Task: Every record must be written out once more, with nothing added or omitted.

Given data:
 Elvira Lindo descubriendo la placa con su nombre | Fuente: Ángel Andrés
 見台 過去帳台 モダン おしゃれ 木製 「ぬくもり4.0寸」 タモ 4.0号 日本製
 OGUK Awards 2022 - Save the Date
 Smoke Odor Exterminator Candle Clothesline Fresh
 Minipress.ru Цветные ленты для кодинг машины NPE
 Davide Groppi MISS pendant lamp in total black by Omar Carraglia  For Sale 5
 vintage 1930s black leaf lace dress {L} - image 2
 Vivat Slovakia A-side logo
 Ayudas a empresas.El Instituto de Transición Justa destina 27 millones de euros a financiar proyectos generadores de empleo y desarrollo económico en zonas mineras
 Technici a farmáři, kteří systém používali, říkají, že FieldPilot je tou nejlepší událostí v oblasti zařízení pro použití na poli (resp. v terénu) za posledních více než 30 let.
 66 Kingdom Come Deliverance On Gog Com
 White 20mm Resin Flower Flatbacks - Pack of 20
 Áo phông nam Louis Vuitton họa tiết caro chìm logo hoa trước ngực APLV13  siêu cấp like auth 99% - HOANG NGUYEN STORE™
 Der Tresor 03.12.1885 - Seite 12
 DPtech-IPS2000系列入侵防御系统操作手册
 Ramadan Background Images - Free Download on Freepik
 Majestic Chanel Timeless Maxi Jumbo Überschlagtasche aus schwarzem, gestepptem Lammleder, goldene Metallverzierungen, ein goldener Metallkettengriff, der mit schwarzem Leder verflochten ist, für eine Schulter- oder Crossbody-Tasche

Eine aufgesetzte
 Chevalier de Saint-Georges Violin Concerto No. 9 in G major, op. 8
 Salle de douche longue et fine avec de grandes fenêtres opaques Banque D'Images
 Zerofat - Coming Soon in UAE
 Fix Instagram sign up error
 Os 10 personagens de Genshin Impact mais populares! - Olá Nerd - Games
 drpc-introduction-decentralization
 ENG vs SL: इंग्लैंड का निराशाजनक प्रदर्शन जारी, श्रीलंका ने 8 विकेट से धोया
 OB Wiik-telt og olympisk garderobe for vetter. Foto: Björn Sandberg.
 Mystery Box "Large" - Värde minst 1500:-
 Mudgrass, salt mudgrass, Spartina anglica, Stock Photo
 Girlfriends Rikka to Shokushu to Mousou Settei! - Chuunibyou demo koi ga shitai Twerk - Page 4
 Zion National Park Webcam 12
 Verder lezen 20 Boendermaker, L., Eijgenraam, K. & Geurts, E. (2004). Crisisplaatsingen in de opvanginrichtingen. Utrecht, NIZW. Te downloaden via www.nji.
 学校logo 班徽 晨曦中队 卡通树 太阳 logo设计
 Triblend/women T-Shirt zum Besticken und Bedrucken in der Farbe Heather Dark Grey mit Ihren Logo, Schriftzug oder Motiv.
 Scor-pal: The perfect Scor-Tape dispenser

Exercise solution:
 Elvira Lindo descubriendo la placa con su nombre | Fuente: Ángel Andrés
 見台 過去帳台 モダン おしゃれ 木製 「ぬくもり4.0寸」 タモ 4.0号 日本製
 OGUK Awards 2022 - Save the Date
 Smoke Odor Exterminator Candle Clothesline Fresh
 Minipress.ru Цветные ленты для кодинг машины NPE
 Davide Groppi MISS pendant lamp in total black by Omar Carraglia  For Sale 5
 vintage 1930s black leaf lace dress {L} - image 2
 Vivat Slovakia A-side logo
 Ayudas a empresas.El Instituto de Transición Justa destina 27 millones de euros a financiar proyectos generadores de empleo y desarrollo económico en zonas mineras
 Technici a farmáři, kteří systém používali, říkají, že FieldPilot je tou nejlepší událostí v oblasti zařízení pro použití na poli (resp. v terénu) za posledních více než 30 let.
 66 Kingdom Come Deliverance On Gog Com
 White 20mm Resin Flower Flatbacks - Pack of 20
 Áo phông nam Louis Vuitton họa tiết caro chìm logo hoa trước ngực APLV13  siêu cấp like auth 99% - HOANG NGUYEN STORE™
 Der Tresor 03.12.1885 - Seite 12
 DPtech-IPS2000系列入侵防御系统操作手册
 Ramadan Background Images - Free Download on Freepik
 Majestic Chanel Timeless Maxi Jumbo Überschlagtasche aus schwarzem, gestepptem Lammleder, goldene Metallverzierungen, ein goldener Metallkettengriff, der mit schwarzem Leder verflochten ist, für eine Schulter- oder Crossbody-Tasche

Eine aufgesetzte
 Chevalier de Saint-Georges Violin Concerto No. 9 in G major, op. 8
 Salle de douche longue et fine avec de grandes fenêtres opaques Banque D'Images
 Zerofat - Coming Soon in UAE
 Fix Instagram sign up error
 Os 10 personagens de Genshin Impact mais populares! - Olá Nerd - Games
 drpc-introduction-decentralization
 ENG vs SL: इंग्लैंड का निराशाजनक प्रदर्शन जारी, श्रीलंका ने 8 विकेट से धोया
 OB Wiik-telt og olympisk garderobe for vetter. Foto: Björn Sandberg.
 Mystery Box "Large" - Värde minst 1500:-
 Mudgrass, salt mudgrass, Spartina anglica, Stock Photo
 Girlfriends Rikka to Shokushu to Mousou Settei! - Chuunibyou demo koi ga shitai Twerk - Page 4
 Zion National Park Webcam 12
 Verder lezen 20 Boendermaker, L., Eijgenraam, K. & Geurts, E. (2004). Crisisplaatsingen in de opvanginrichtingen. Utrecht, NIZW. Te downloaden via www.nji.
 学校logo 班徽 晨曦中队 卡通树 太阳 logo设计
 Triblend/women T-Shirt zum Besticken und Bedrucken in der Farbe Heather Dark Grey mit Ihren Logo, Schriftzug oder Motiv.
 Scor-pal: The perfect Scor-Tape dispenser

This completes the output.